CHAPTER 65

Under the early morning dawn, McKenzey pulled into the Roosevelt Inn parking lot, and found the boys-in-blue, milling about investigating a crime scene. He parked his car and jumped out. He flashed his badge to a young corporal, that guarded the crime scene before being waved in.

“So, besides my name being smeared in blood on the mirror, what do we have?” McKenzey asked the scene lieutenant.

Lieutenant Wong was a 13-year veteran, with his hair parted down the middle and he weighed in at 120-pounds. He would have made a lovely jockey.

“We have your star witness in a very compromising situation,” Lt. Wong said, as they walked toward the room. “Brent Gower has been the canvas of an artistic buffoon. The techs are looking for prints and hair fibers. Video feed from the front desk was taken by the killers. The maid found him and is in the office hysterical. Second body she’s found this morning. She went to the dumpster to hurl and found a woman inside dead with a single gun shot to the head.”

“What was done to him?” McKenzey asked, eagerly walking to the room. He wanted the luxury of laughing inside at what was done to the simpleton. He wished that he had done BG in himself. He’d have too take his frustrations out on the Bezel brothers.

“It’s a glimpse of a twisted predator that the guys in Quantico would adore to interview for behavioral science text books. This crime is like a grain of sand on the beach, very original, and just out right obnoxious.”

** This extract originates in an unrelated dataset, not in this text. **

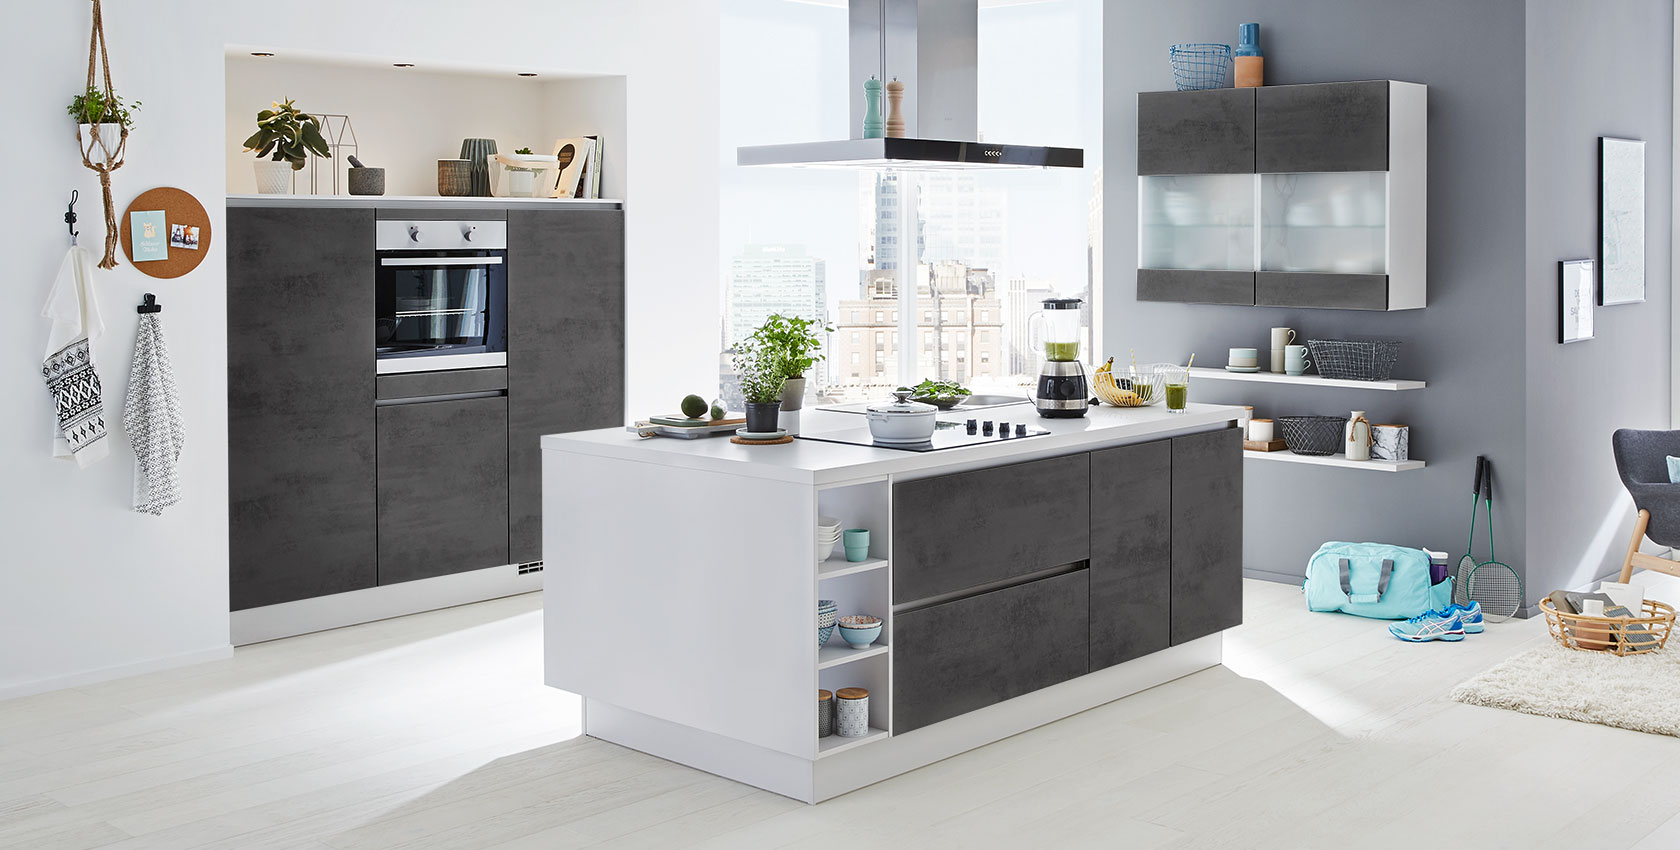 Küche mit freistehender Kochinsel Nobilia Riva ca. 180 / 120 / 210 x 117 cm, Front Beton grau ...

“That damn smell is horrific.”

“That’s your guy’s new body fragrance,” Lt. Wong said, as they entered the room. He showed McKenzey the body and said, “The razor-like cuts on his arms appear to be done with a whiz-wheel that was purposefully left behind, I’m sure. It’s bagged and tagged.”

“You mean the high-speed cutter used to cut through car metal. You got to be fucking kidding me?”

“That’s nothing. Check this out,” Lt. Wong said and pointed to one of the cuts. “This one was re-closed with a propane torch. Also B&T. The pliers found to crush his testicles, too. And I assume the whiz-wheel removed his penis before it was implanted into his eye socket. That’s just conjecture, don’t quote me on that.”

“This shit is sick. Don’t believe it.”

“How will this affect your case?” Wong asked icily. “He was your star witness against the Bezel’s right? I heard that from a reporter over there.”

McKenzey walked up to the camera man and snatched the recorder from the photographer and slammed it on the asphalt. “I’m sorry, but this story cannot be put on the air waves.”

The aquiline, jovial reported lost it. “Why the hell not? This has aired live already. It’s news and I deal in the business of airing news, Agent McKenzey.”

“You just ruined my two-year investigation of a notorious crime family,” McKenzey said, ignoring the fact, the reporter knew his name.

“D-E-A Agent Lu-cas Mc-Kenzey, what a character you are. I know all about your investigation, and I hardly call the Bezels notorious. I do know that for the sake of taking down two boys, neither of them 25-years-old, you’ve had a lengthy number of murders happen under your watch, including this one here. All to build a racketeering case and possibly get a Colombian, which you don’t have one solid piece of evidence on, and you had the poor Brent Gower prepped to lie in order to get a conviction. This criminal system is so twisted. It allows all of these murders and kids to be abandoned to drug addicted mothers, while you wait to get the bigger fish, instead of getting dealers off the street ASAP.”

“Enough of this,” McKenzey said, and replayed all of the dead bodies in his mind. They started with Snobli, the Councilman, and now Brent “BG” Gower. He stormed from the scene and hopped in his car, as his cell phone rang. He pressed the TALK button and said, “Turner did you get them.”

“Naw, we got Turner mutha fucka! You’re next,” the caller said, and hung up.